In der Werkstatt arbeitet Tschofen, von gelegentlichen Aushilfen abgesehen, allein – eher leise, wie gesagt und immer noch etwas ‚verdeckt‘. Zudem ist er ziemlich autark. Brünieren und Hartverchromen nimmt er selbst in einem kleinen Betrieb vor, wo man ihm einen eigenen Platz eingeräumt hat.
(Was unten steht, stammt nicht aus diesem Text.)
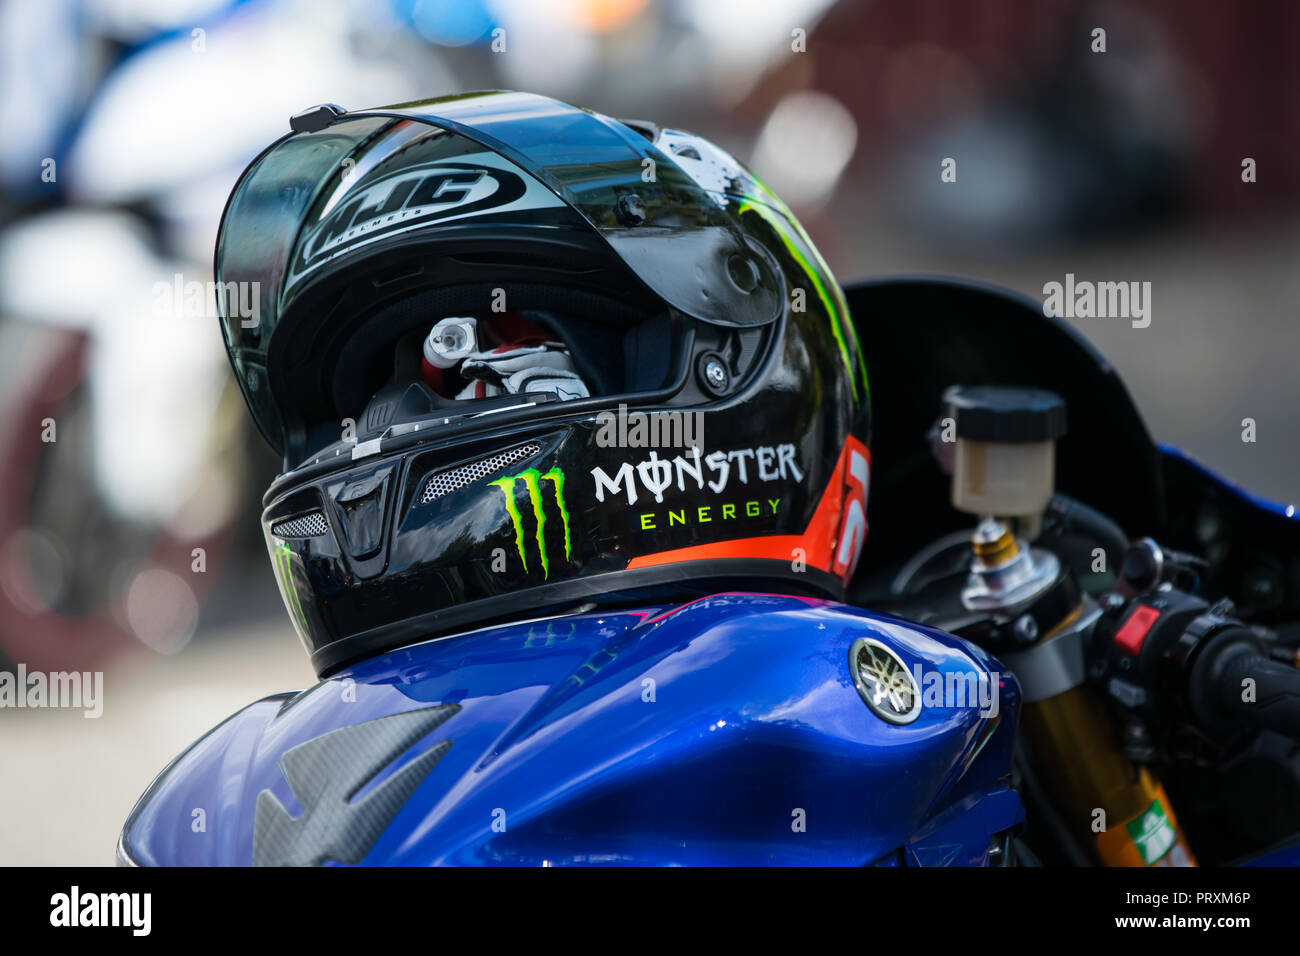 Blick auf die Yamaha R1 Motorrad Tank und HJC Helm auf liegend mit dem  Monster Energy Werbung Stockfotografie - Alamy

Auch für die mitunter einfach ignorierte Vergütung von Lothar Walther-Läufen hat er das ‚richtige Verfahren‘ gefunden – mehr wird nicht verraten.
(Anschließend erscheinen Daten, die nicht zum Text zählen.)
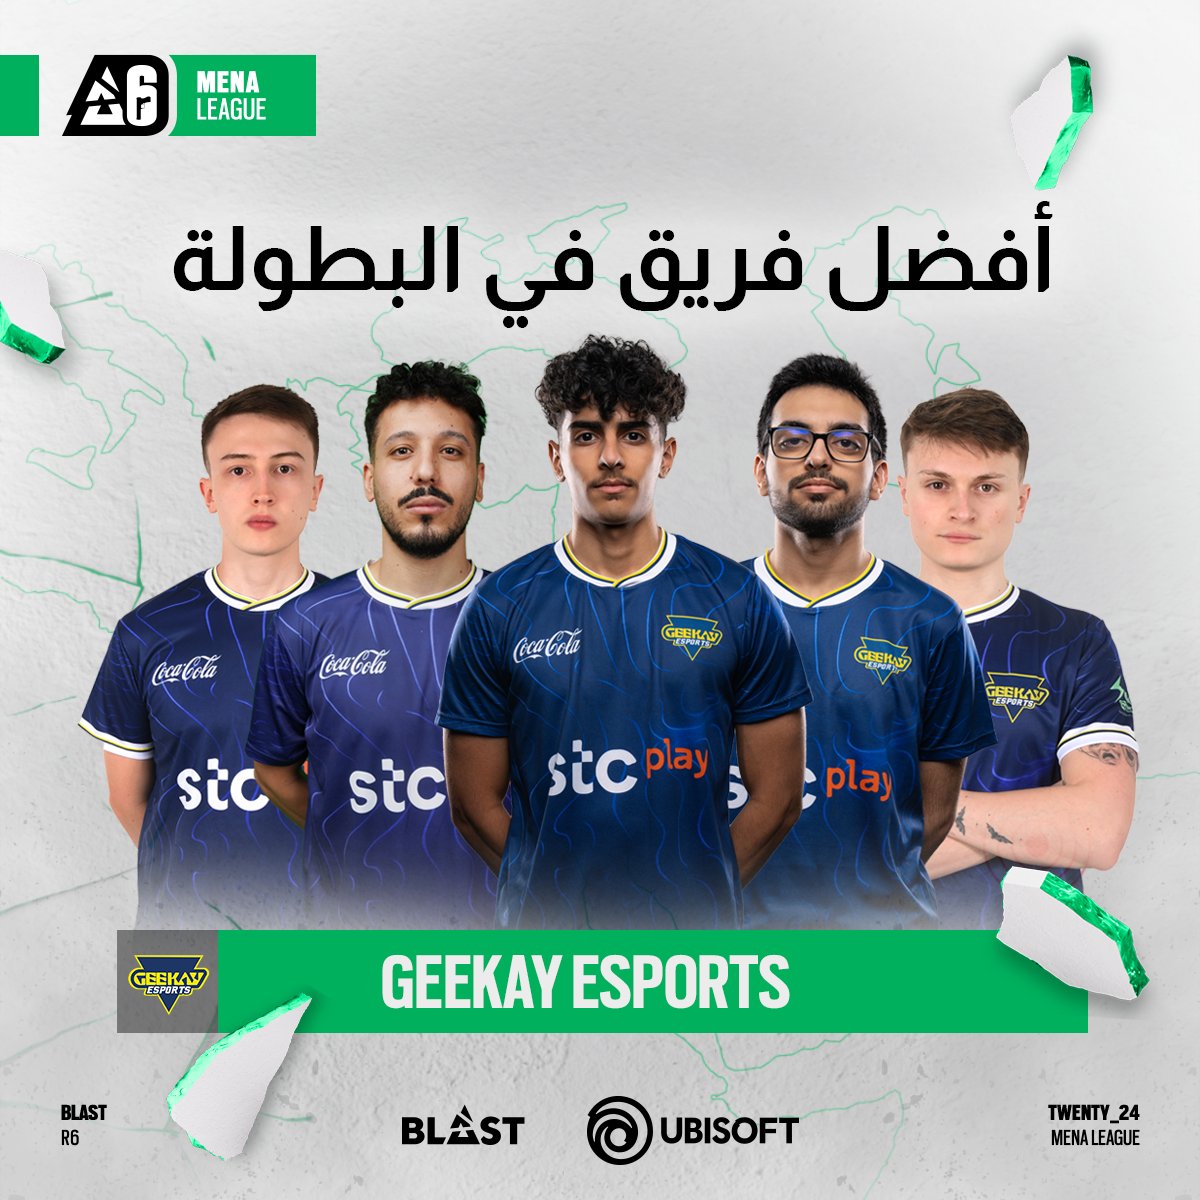 إليكم أفضل فريق من حيث الاحصائيات في بطولة دوري العرب #BlastR6! 💥

@Geekay_Esports

Eigentlich macht Kurt Tschofen auf dem Faustfeuerwaffensektor alles, aber im Lauf der Zeit haben sich Schwerpunkte herausgebildet. Die Fertigung von PPC-Revolvern die er auch für Kettner und AKAH vornahm, als mit dem neuen englischen Waffengesetz der Nachschub an Wilson Revolvern stagnierte, hat er aufgegeben und sich ganz auf Pistolen verlegt.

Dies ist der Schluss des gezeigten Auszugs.